Yeah. Yao being in and out of the lineup, and just the inconsistency is really annoying.

This team can start off brilliantly offensively but man once teams adjust to us, its like we fall apart. We cant readjust.


----------



## OneBadLT123 (Oct 4, 2005)

Oh an Martin rolled his ankle.... Not sure if he's out or still going to be in


----------



## OneBadLT123 (Oct 4, 2005)

The lack of defense is sickening.


----------



## OneBadLT123 (Oct 4, 2005)

oh damn, now we got a game going here... 90-91 10 min left in 4th


----------



## OneBadLT123 (Oct 4, 2005)

dude.. we are winning 113-111 with 16 seconds left... nice


----------



## Spaceman Spiff (Aug 2, 2006)

Ish Smith is clutch..... 



for the Spurs


----------



## Spaceman Spiff (Aug 2, 2006)

**** Ish Smith bitch ass..... this dude threw the ****ing game away. **** a PG I'd rather have seen Lee and Bud in there at the same time instead of this ****ing bum.


----------



## OneBadLT123 (Oct 4, 2005)

ugh. We had this... 

oh well, 0-5


----------



## hroz (Mar 4, 2006)

Damn I missed a great game..............
Even if we lost.

Damn why was Smith out there where was Brooks?

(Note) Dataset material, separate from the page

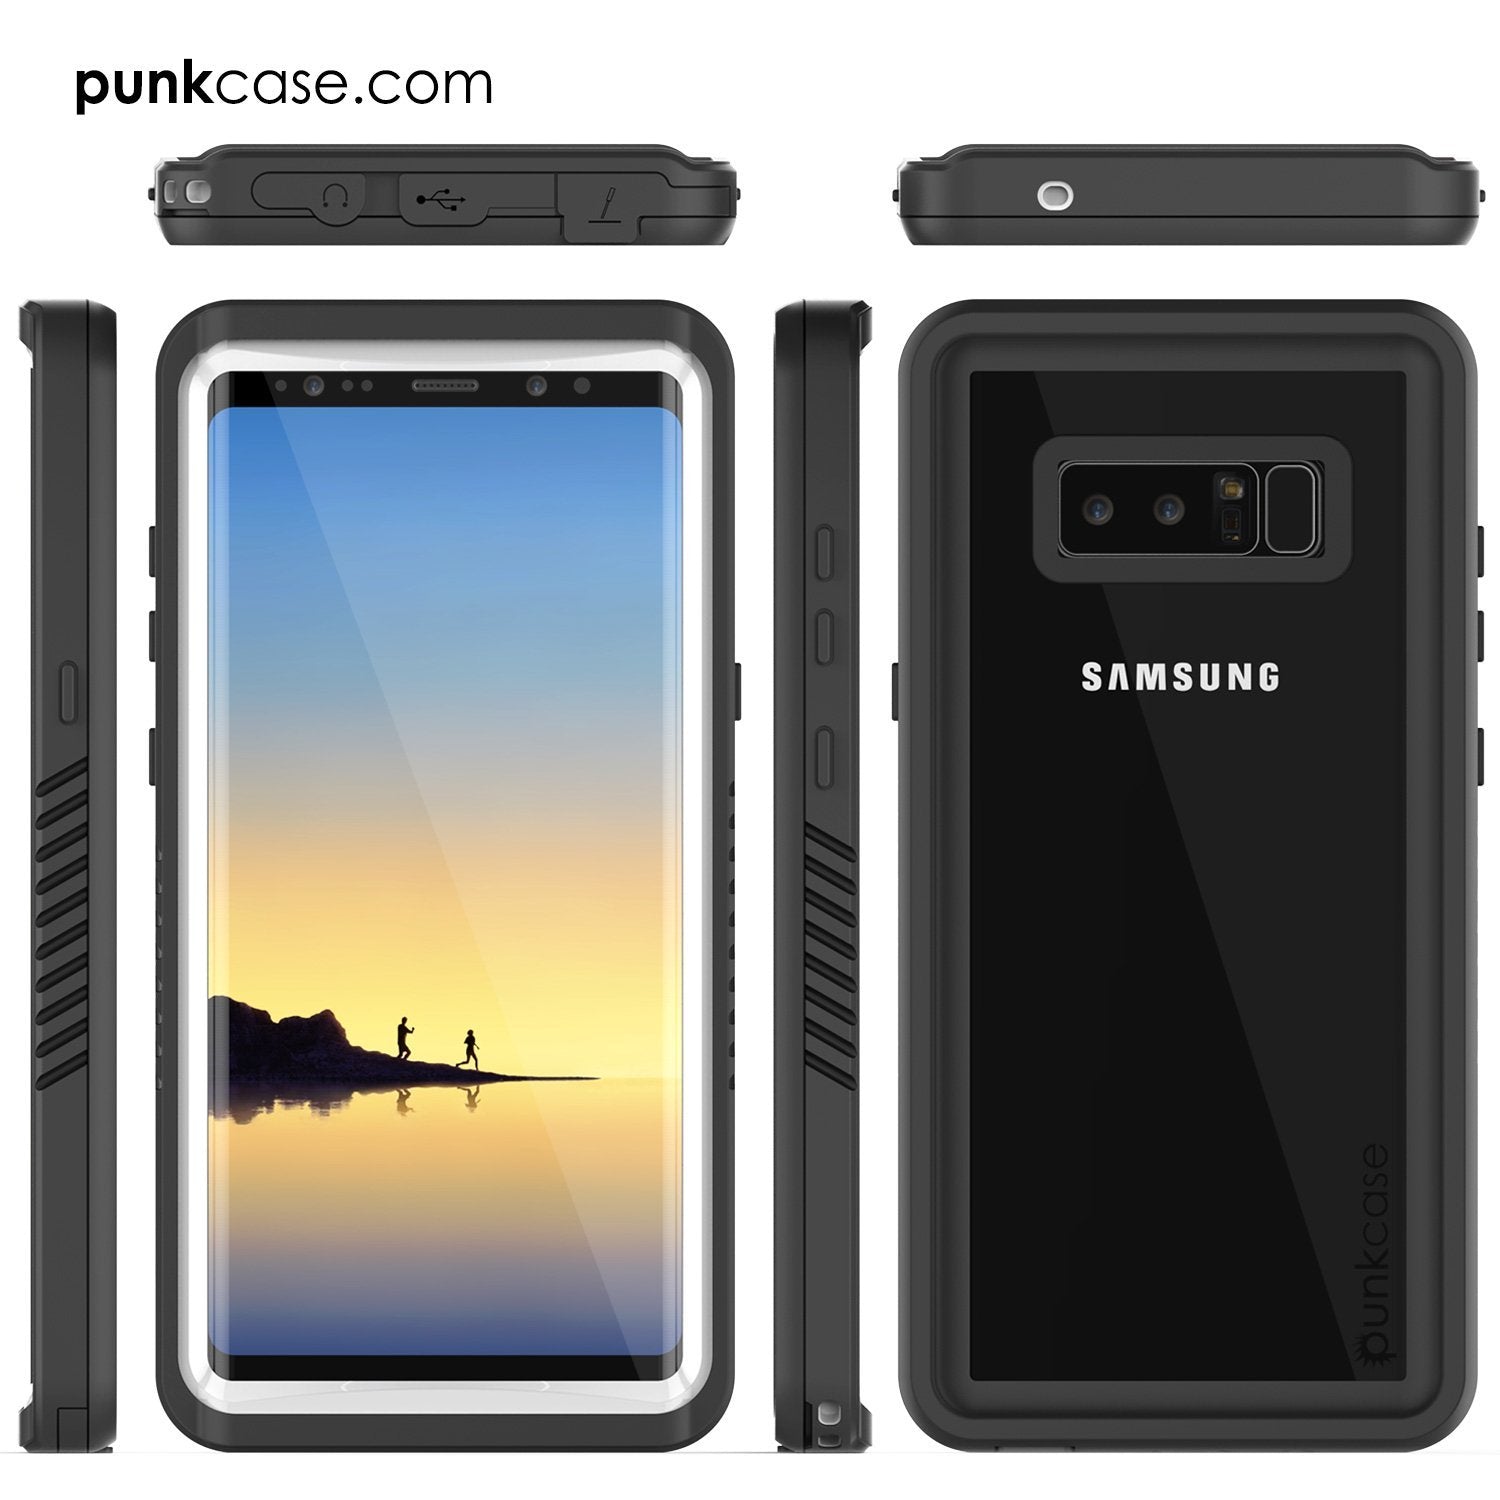 Galaxy Note 8 Case, Punkcase [Extreme Series] [Slim Fit] [IP68 Certified] [Shockproof] Armor Cover W/ Built In Screen Protector [White]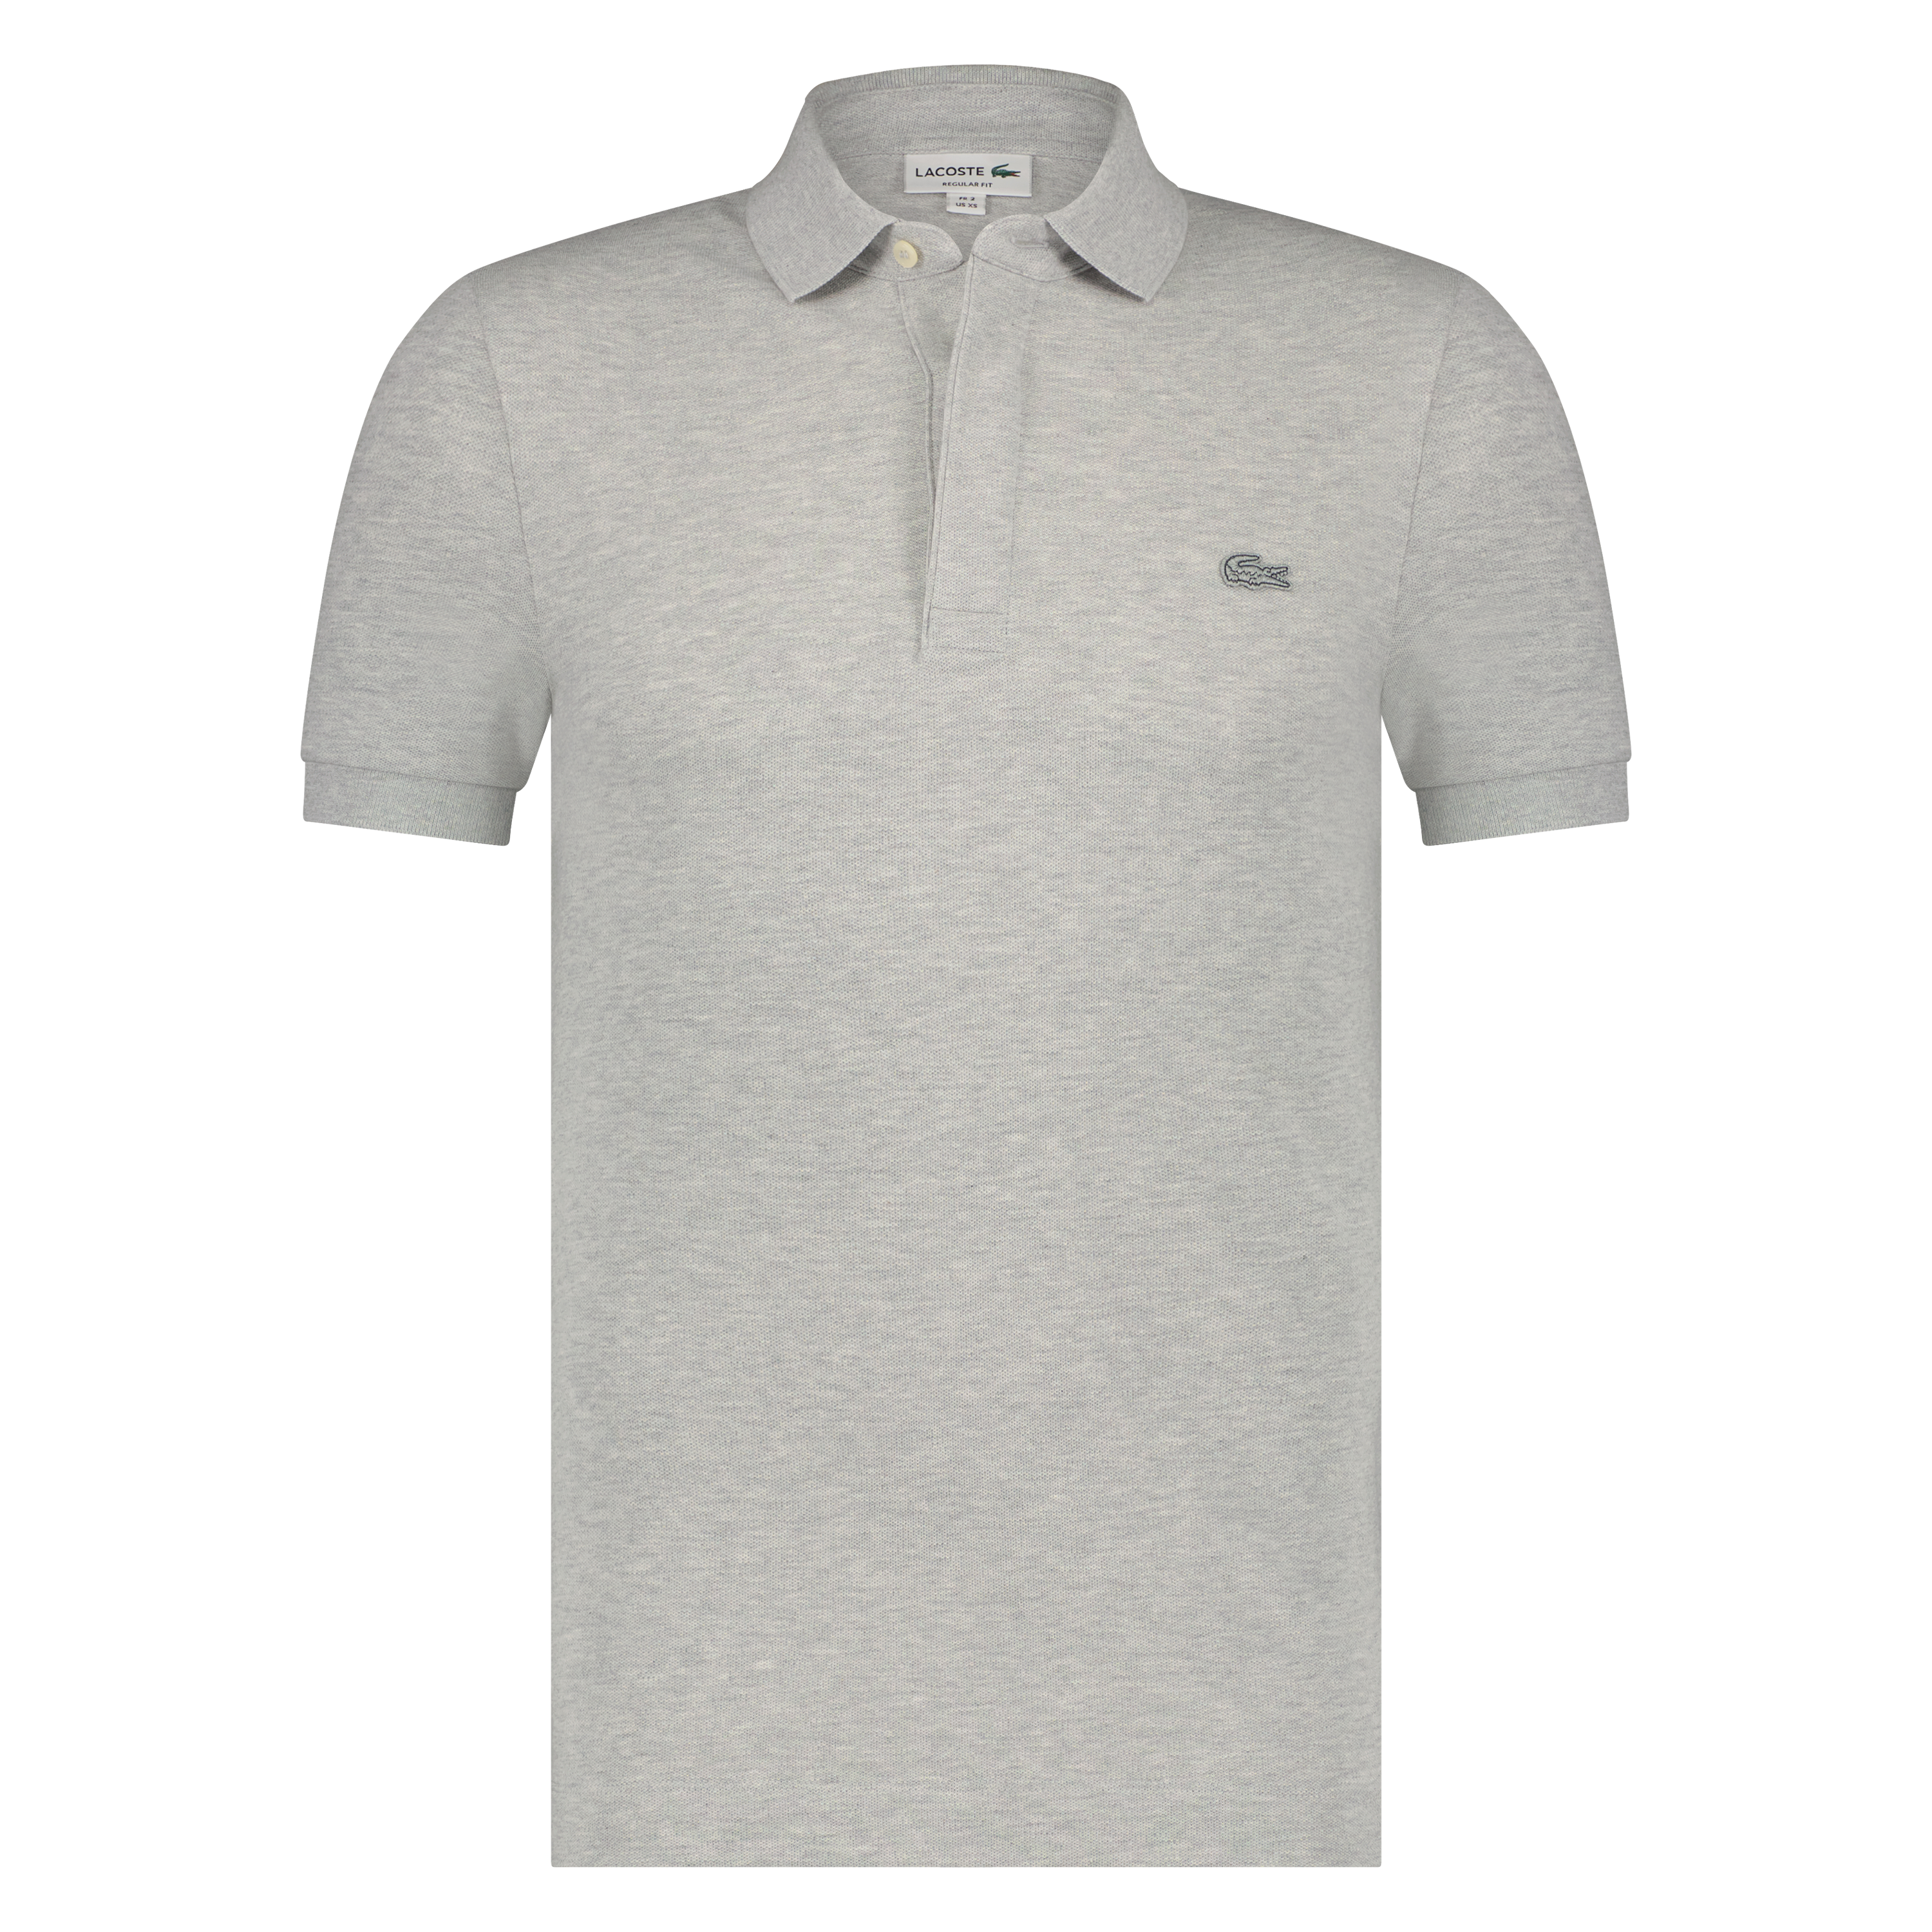 Orkaan keten schuld Lacoste heren polo silver chine

Lowry I miss you...............................


----------



## mtlk (Apr 25, 2005)

Here we go again!:wtf:
Rockets played with much better intensity against the Spurs,i hope they can keep that up with Yao's presence in today game.
It will be interesting to see a pass first pg like Ish play with Yao.
Hope AB and KM are fine.
P
L
E
A
S
E
WIN.


----------



## OneBadLT123 (Oct 4, 2005)

We had the 2nd best offensive team in the league, and like the 8th best rebounding team, yet we are dead last in defense. 

Ugh


----------



## mtlk (Apr 25, 2005)

Finally!!!!!!!!!!!!!!!!!!!!!!!!!!!!!. We win.:champagne:


----------



## Spaceman Spiff (Aug 2, 2006)

The one game I didn't watch we win. Guess I won't be watching anymore Rockets games


----------



## OneBadLT123 (Oct 4, 2005)

So far I am 2/2 this week


----------



## mtlk (Apr 25, 2005)

This is gonna be a fun game.:champagne:
John Wall vs Ish Smith.:funny:
Yao Vs Yi.:flamer:



We *NEED* this game.


----------



## Spaceman Spiff (Aug 2, 2006)

Way to not play defense guys. I'm gonna skip the 2nd qtr to see if watching Rockets game curses them.


----------



## OneBadLT123 (Oct 4, 2005)

man mother****ing damn it. I am ....argh! RAAAAAAAAAAGE


----------



## mtlk (Apr 25, 2005)

It is gonna be a *lonnnnnnnnnnnnnnnnnnnnnnnnnnnnnnnnnnnnnnnnnnnnnnnnnnnnnnnnnnnnnnnnnnnnnnnnnnnnnnnnnnnnnnnnnnnnnng* [email protected]#@ year.:flay:


----------



## mtlk (Apr 25, 2005)

Yao and Brooks are out.
Unfortunately, we go *1-7*!:horsepoop:


----------



## OneBadLT123 (Oct 4, 2005)

Yeah, we have a legit shot to go 1-9 for the first 10 games of the season. Man, they need to start winning fast or else its going to be too late.


----------